An Innovative Security Strategy using Reactive Web Application Honeypot
This work addresses security for organizations relying on web applications, but it appears incremental as it builds on existing honeypot frameworks like SNARE and TANNER.
The paper tackles the problem of protecting web applications from diverse cyber-attacks by proposing a low-interaction, adaptive, and dynamic web application honeypot that imitates vulnerabilities through HTTP events, using SNARE to create an attack surface and TANNER for analysis and response composition.

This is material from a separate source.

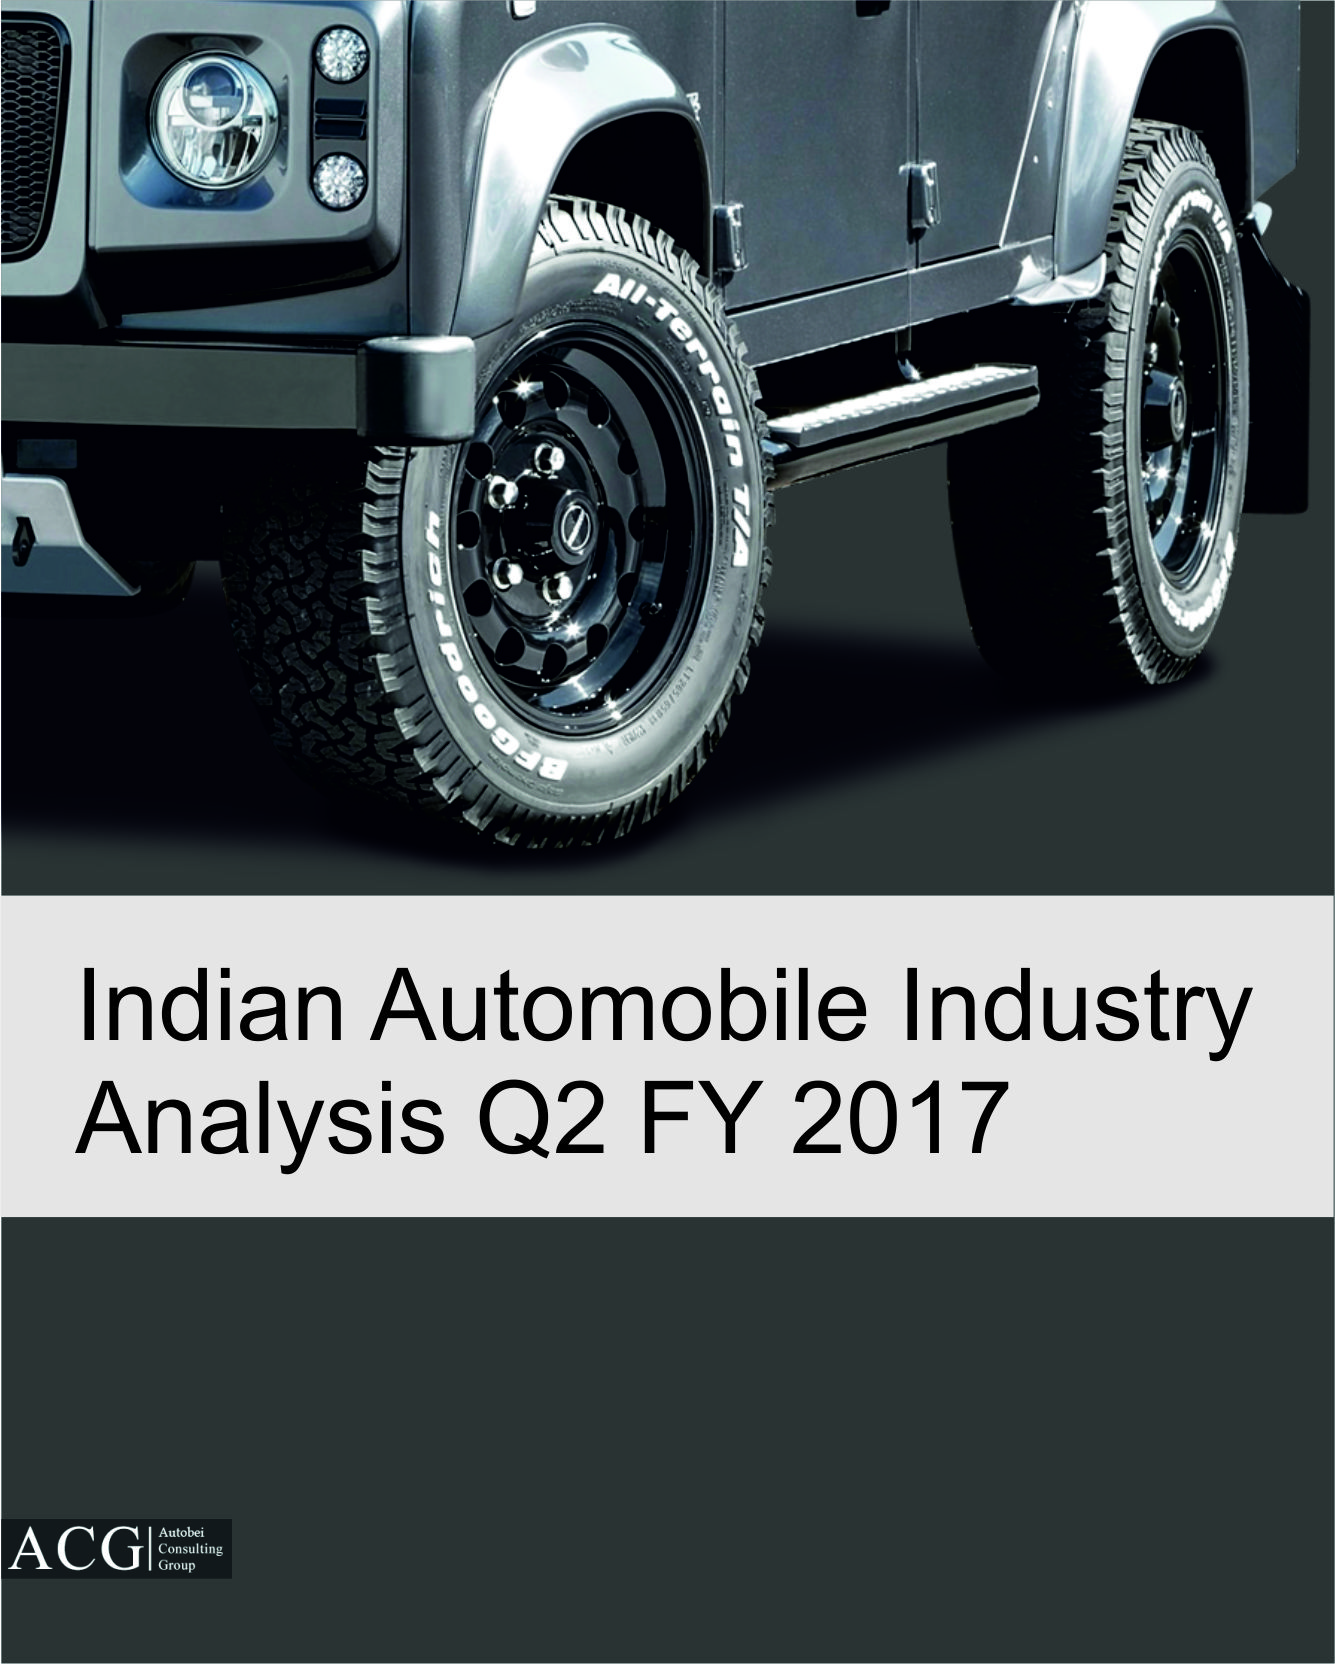 Indian Automobile Industry Report Q2 FY 2017

Nowadays, web applications have become most prevalent in the industry, and the critical data of most organizations stored using web apps. Hence, web applications a much bigger target for diverse cyber-attacks, which varies from database injections-SQL injection, PHP object injection, template injection, XML external entity injection, unsanitized input attacks- Cross-Site Scripting(XSS), and many more. As mitigation for them, among many proposed solutions, web application honeypots are a much sophisticated and powerful protection mechanism. In this paper, we propose a low interaction, adaptive, and dynamic web application honeypot that imitates the vulnerabilities through HTTP events. The honeypot is built with SNARE and TANNER; SNARE creates the attack surface and sends the requests to TANNER, which evaluates them and decides how SNARE should respond to the requests. TANNER is an analysis and classification tool, which analyzes and evaluates HTTP requests served by SNARE and to compose the response, it is powered by emulators, which are engines used for the emulation of vulnerabilities.